SEKATO.ID – Kejaksaan Agung (Kejagung) menelusuri pembuat dan penyebar video hoaks yang menarasikan oknum jaksa menerima suap terkait perkara Habib Rizieq Shihab. Tim kejaksaan melakukan penelusuran dengan menggunakan alat yang dimiliki oleh Korps Adhyaksa.
“Saat ini tim kejaksaan sedang bekerja melakukan penelusuran. Tim menggunakan alat yang dimiliki menelusuri serta menemukan para pelaku pembuat maupun penyebar video berita hoaks dimaksud,” tegas Leonard dikutip dari Antara, Minggu, (21/3).
Sebelumnya, Kejagung telah memberikan klarifikasi terkait video viral tentang oknum JPU terima suap perkara kekarantinaan kesehatan dengan terdakwa Habib Rizieq. Leonard menyebut video itu merupakan rekaman penangkapan seorang oknum jaksa oleh Tim Saber Pungli Kejagung yang terjadi pada November 2016.
“Jadi, video itu bukan pengakuan jaksa yang menerima suap kasus sidang Habib Rizieq Shihab,” tegas Leonard.
Video hoaks itu beredar di media sosial dengan narasi pengakuan seorang jaksa yang mengaku menerima suap kasus sidang Rizieq Shihab.
Narasi di video itu berbunyi “Innalillah semakin hancur wajah hukum Indonesia” dikaitkan dengan penjelasan Yulianto, kepala Subdirektorat Tindak Pidana Korupsi pada Direktorat Penyidikan Jampidsus kepada media pada tahun 2016. Penangkapan oknum jaksa berinisial AF di Jawa Timur itu terkait dengan pemberian suap penanganan perkara korupsi penjualan tanah di Desa Kali Mok, Kecamatan Kalianget, Sumenep, Jawa Timur.

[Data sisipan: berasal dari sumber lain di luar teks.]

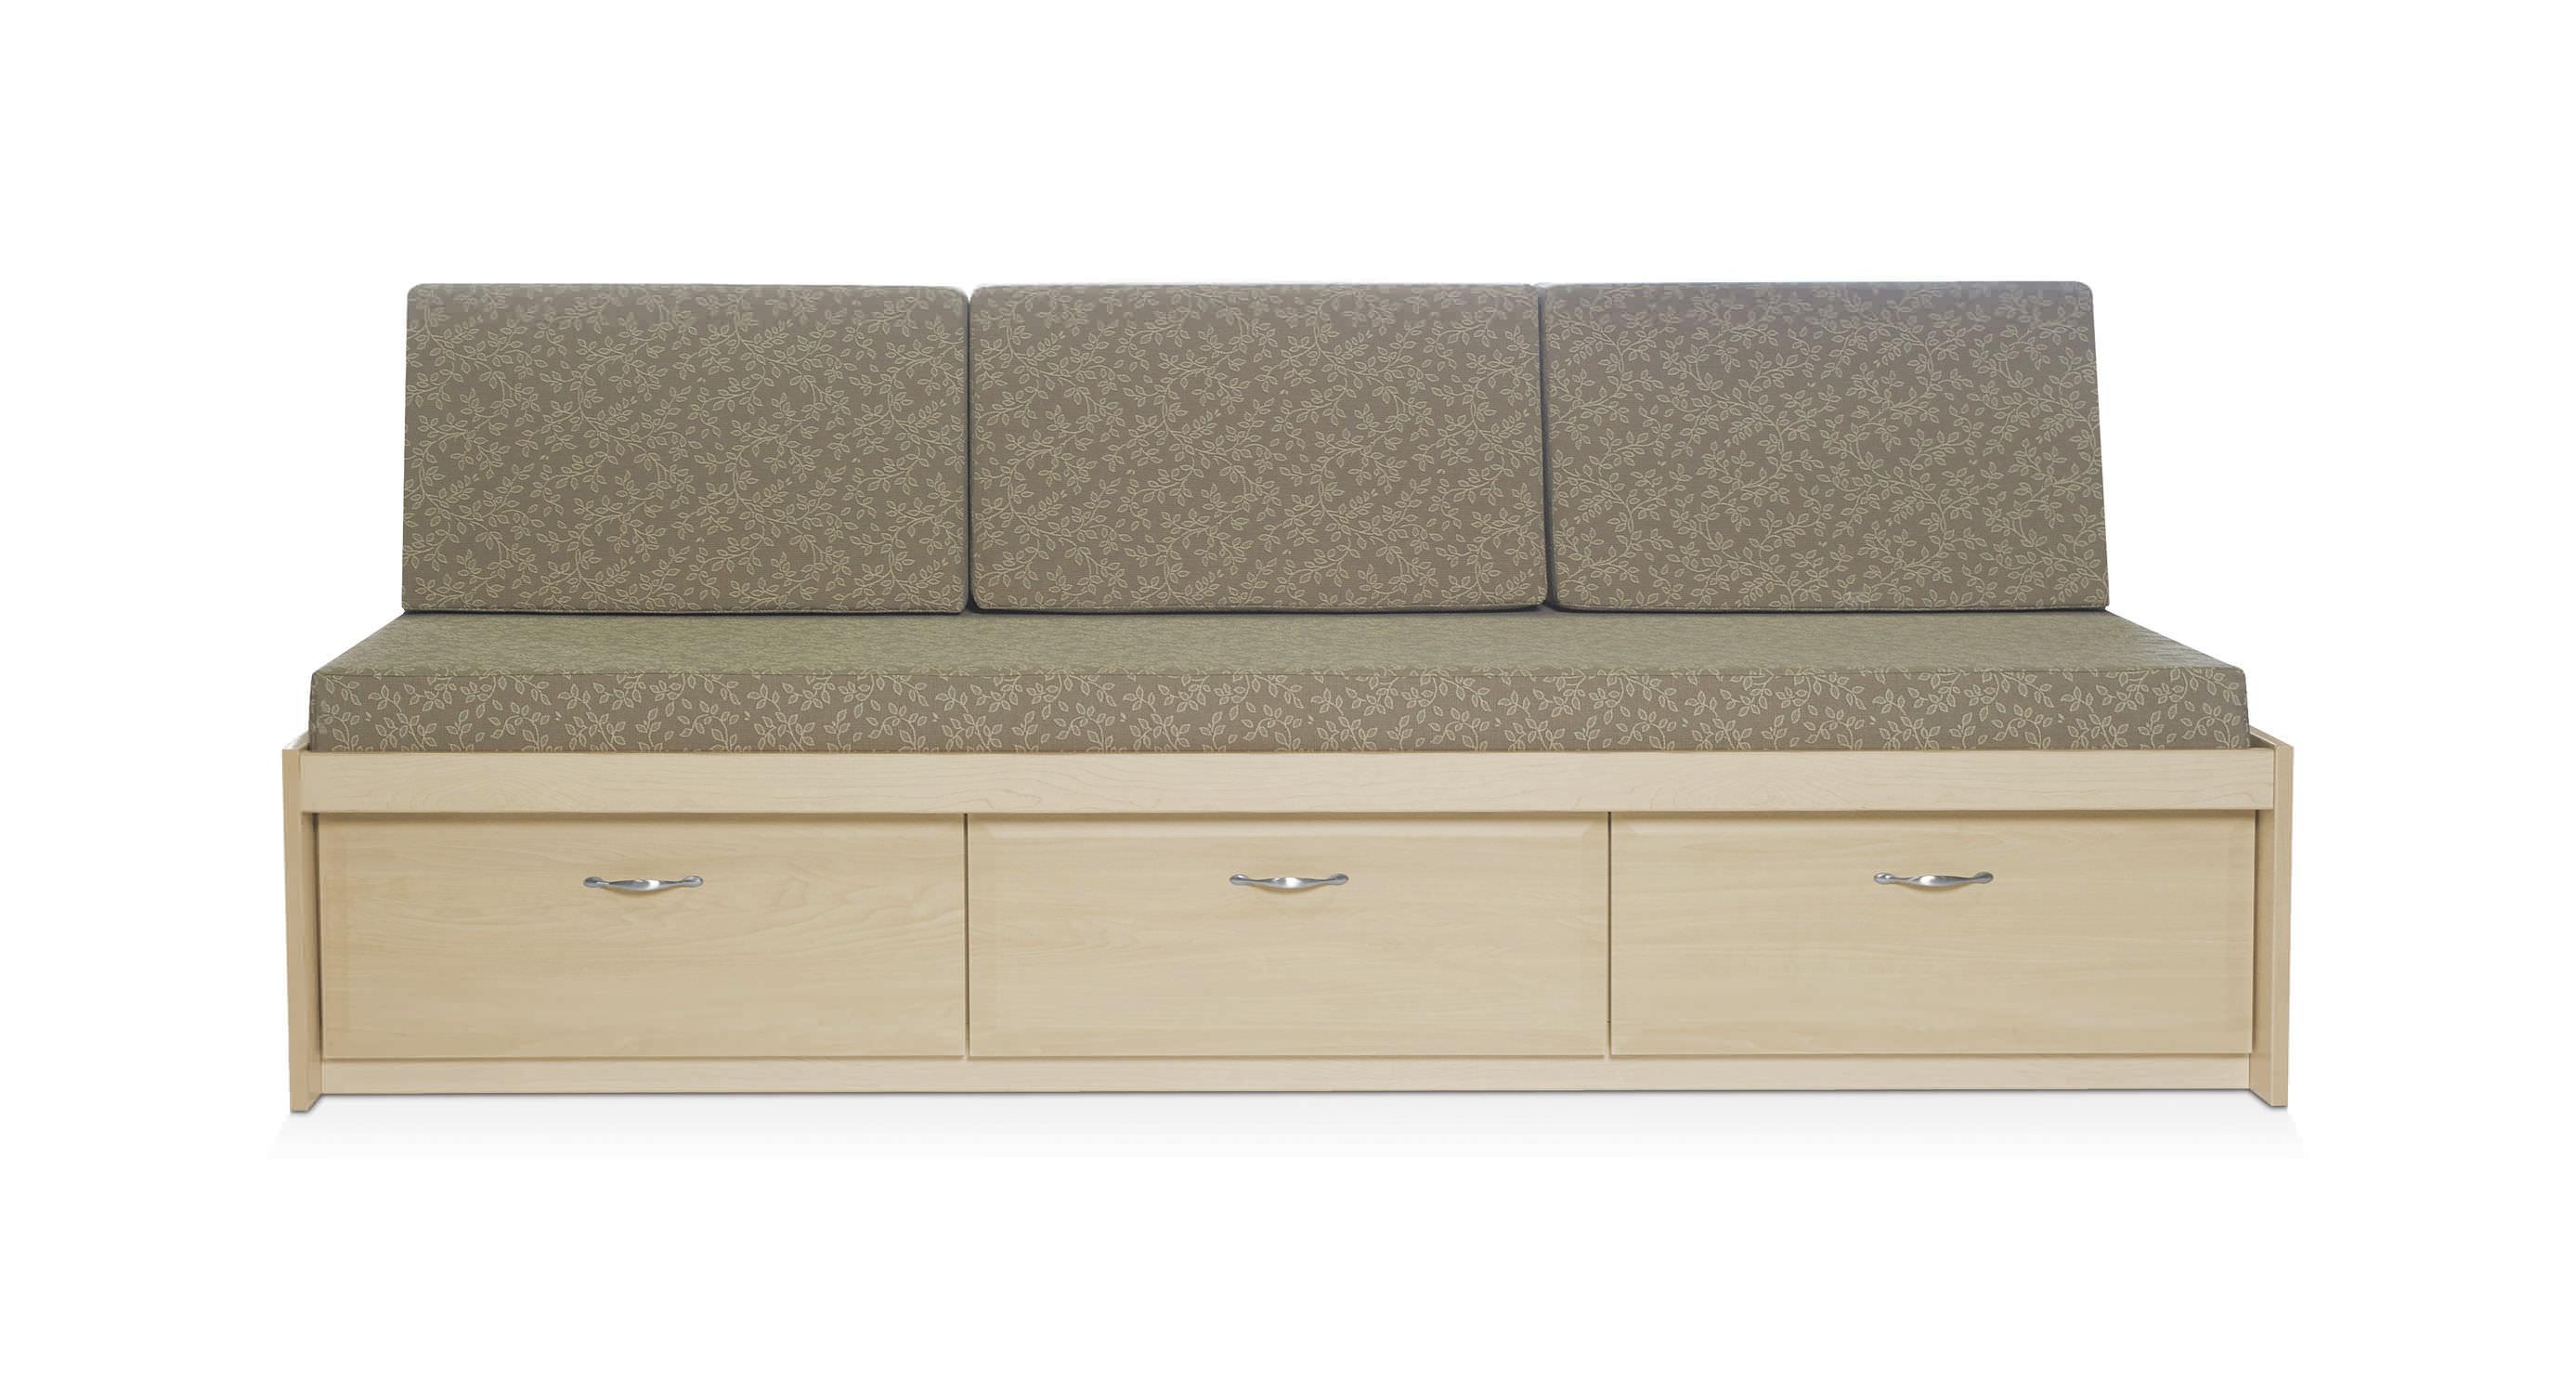 Modernes Sofa / Vinyl / Für Gesundheitseinrichtungen / 3 Plätze   DAY BED
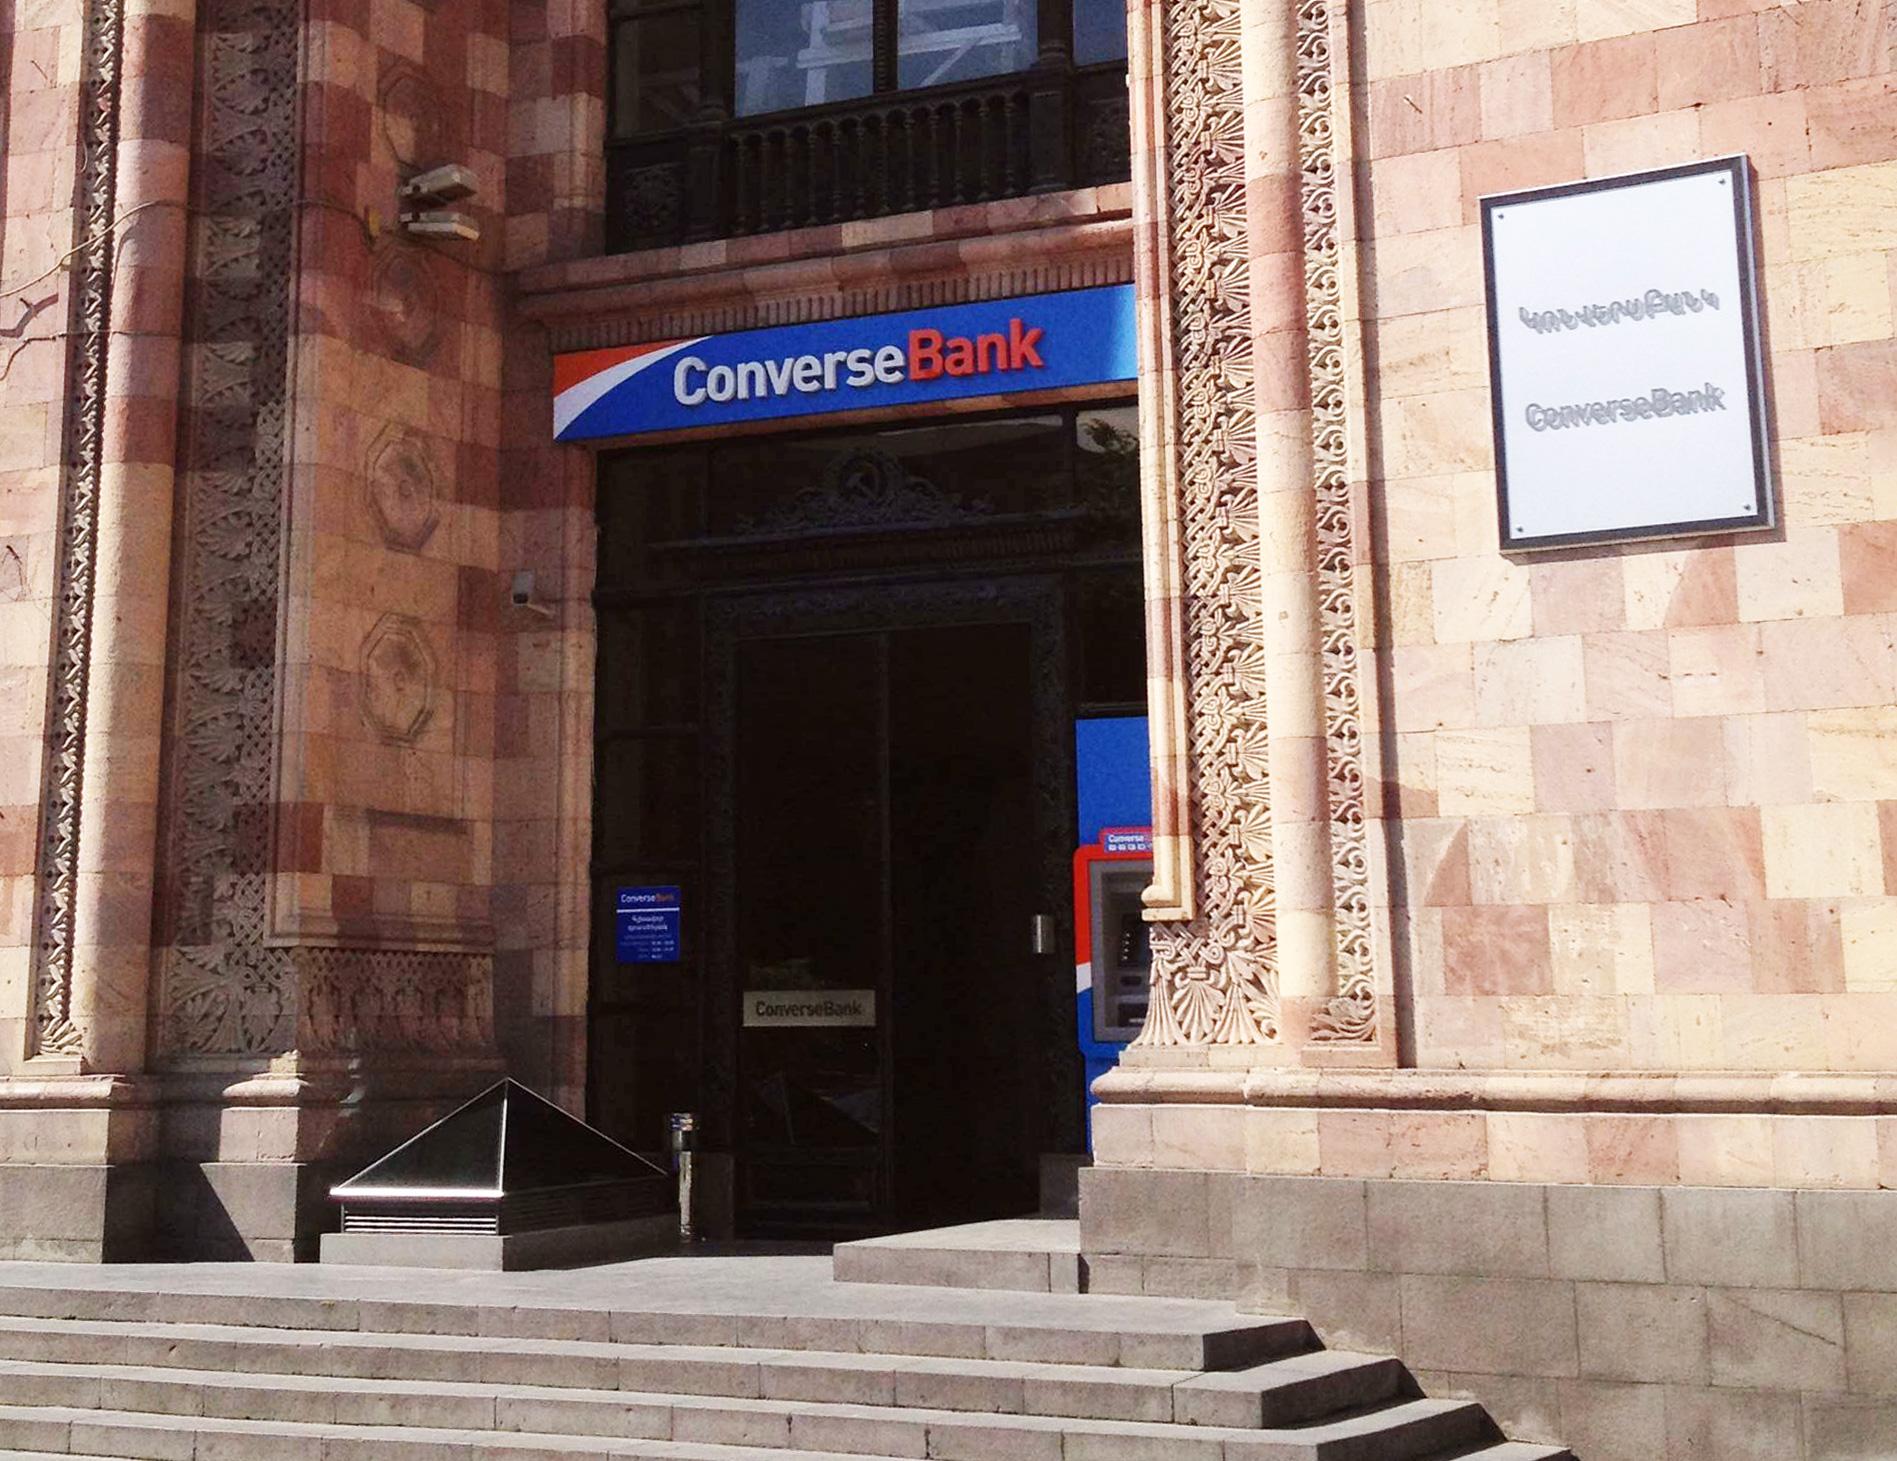 Բանկերի և ֆինանսական կազմակերպությունների մրցույթում հաղթել է Կոնվերս Բանկը

“Pejabat yang menjelaskan penangkapan oknum jaksa AF pada video tersebut adalah Bapak Yulianto yang saat ini sudah menjabat sebagai Kepala Kejaksaan Tinggi Nusa Tenggara Timur,” jelasnya.
Leonard menegaskan video penangkapan oknum jaksa AF tidak ada kaitan dengan proses sidang Muhammad Rizieq alias Habib Rizieq Shihab disidangkan di PN Jakarta Timur.
“Menegaskan bahwa informasi dalam video tersebut adalah tidak benar atau hoaks,” kata Leonard.
Ia pun meminta agar masyarakat tidak membuat berita atau video atau informasi yang tidak benar kebenarannya dan menyebar-luaskannya kepada masyarakat melalui jaringan media sosial yang ada.
Ia menegaskan bahwa perbuatan tersebut dapat dijerat dengan Undang Undang Nomor 19 Tahun 2016 tentang Perubahan Atas Undang Undang Nomor 11 Tahun 2008 tentang Informasi dan Transaksi Elektronik khususnya pasal 45A ayat (1) yang berbunyi “Setiap orang, yang dengan sengaja dan tanpa hak menyebarkan berita bohong dan menyesatkan dipidana dengan pidana penjara 6 (enam) tahun dan denda paling banyak Rp 1.000.000.000″.